I called the magician yesterday because I wasn’t feeling any better. He waved his magic wand  – also known as intuitive muscle testing – and said, Ah. You’re angry at yourself. You’re angry at yourself because you’re doing better. You miss your grief.

?????

The mind is a trickster. I can’t fully grasp what’s happened, but here’s my best guess. Ben died. I wanted my grief to open me up, to be the impetus for me to grow into the woman I want to be – believe I can be. If the grief is less intense then several things must be true. First I’m losing my connection with my son. Second I’m going to mess up, return to old habits and feel like a failure again. Third, I won’t have anything to hang my story on. I’ll simply be me.

Ah.
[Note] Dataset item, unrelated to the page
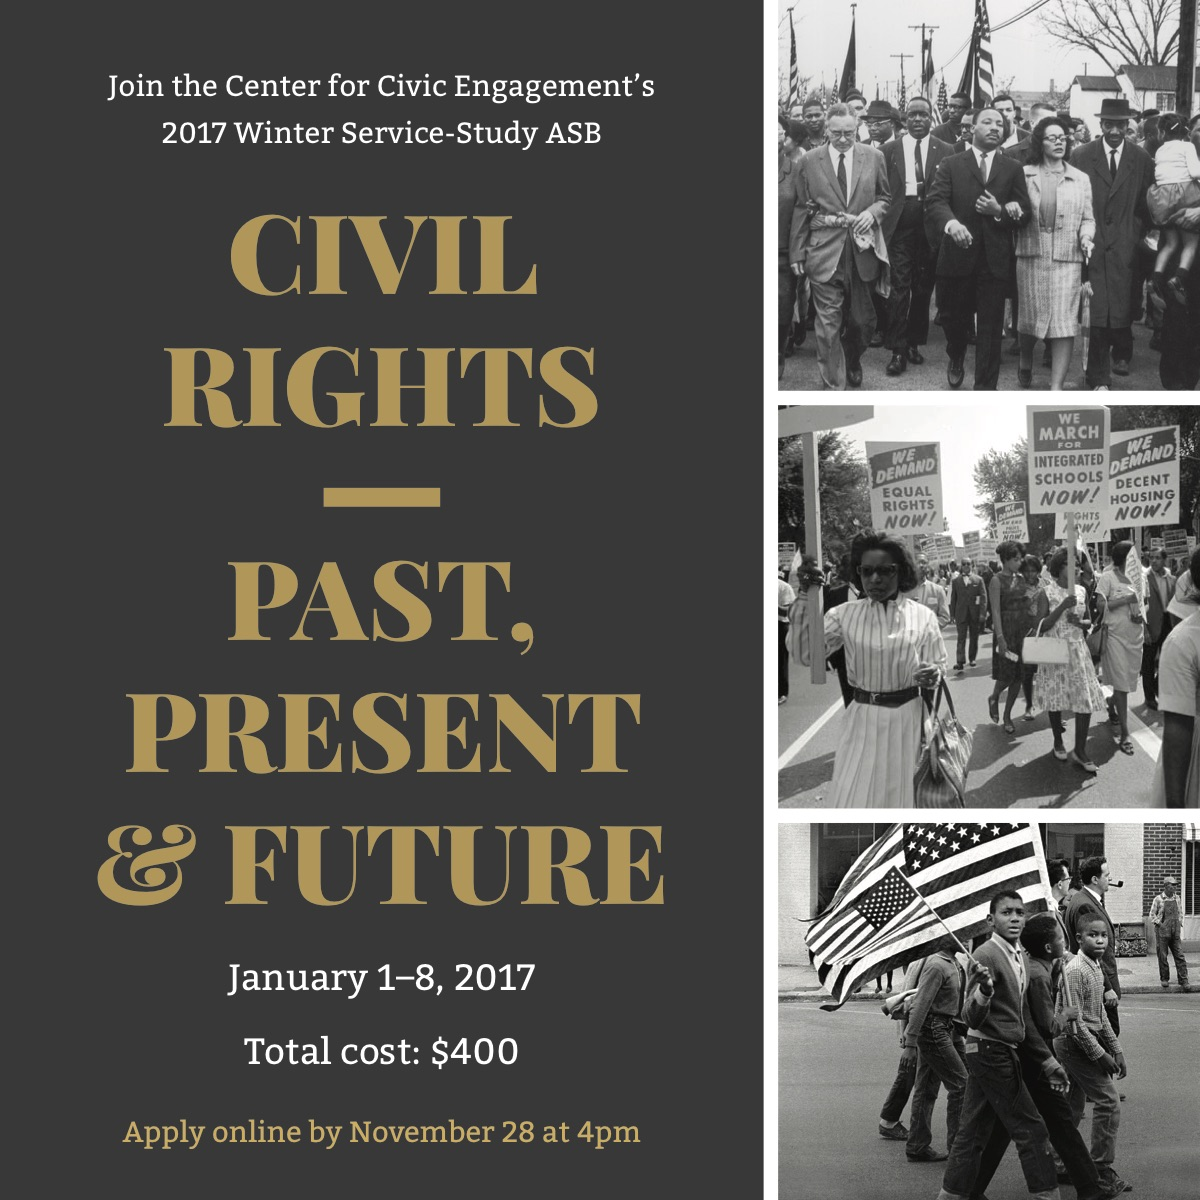 Civil Rights PPF

That’s almost as scary as being angry.

Last night the anger surfaced. Not fully. Not honestly. But enough for me to beat myself into a state of release. I’m not done. I know I will circle back to this again, digging deeper, letting go more completely. I am learning to trust the process and the support I have on the journey.

I am learning to trust.

Not surprisingly, my heart feels better today.

Home

February 8, 2011 By Alana

Steve has a lovely childhood friend that I’ve met a couple of times. She’s single, a teacher, with a huge heart, and she wanted to be a mom. After caring for her father  as he died, she began the process of becoming a foster parent. When asked what kind of child she wanted, she answered that when she closed her eyes, she saw a 7 year old girl. As the story goes, the case worker cried and told her she had a little girl for her to meet. Fast forward to the present and that little girl is a teenager. Steve’s friend adopted her, and then her younger brother. They are a beautiful family. The kids did not have easy childhoods and I know there have been challenges, but when I was recently reminded of this story, I cried.

There is a part of my soul that believes this is the direction we are to go. Not yet. And perhaps not ever. But when I close my eyes and picture my house five or ten years down the road, it is filled with the voices of children – children who have found a home.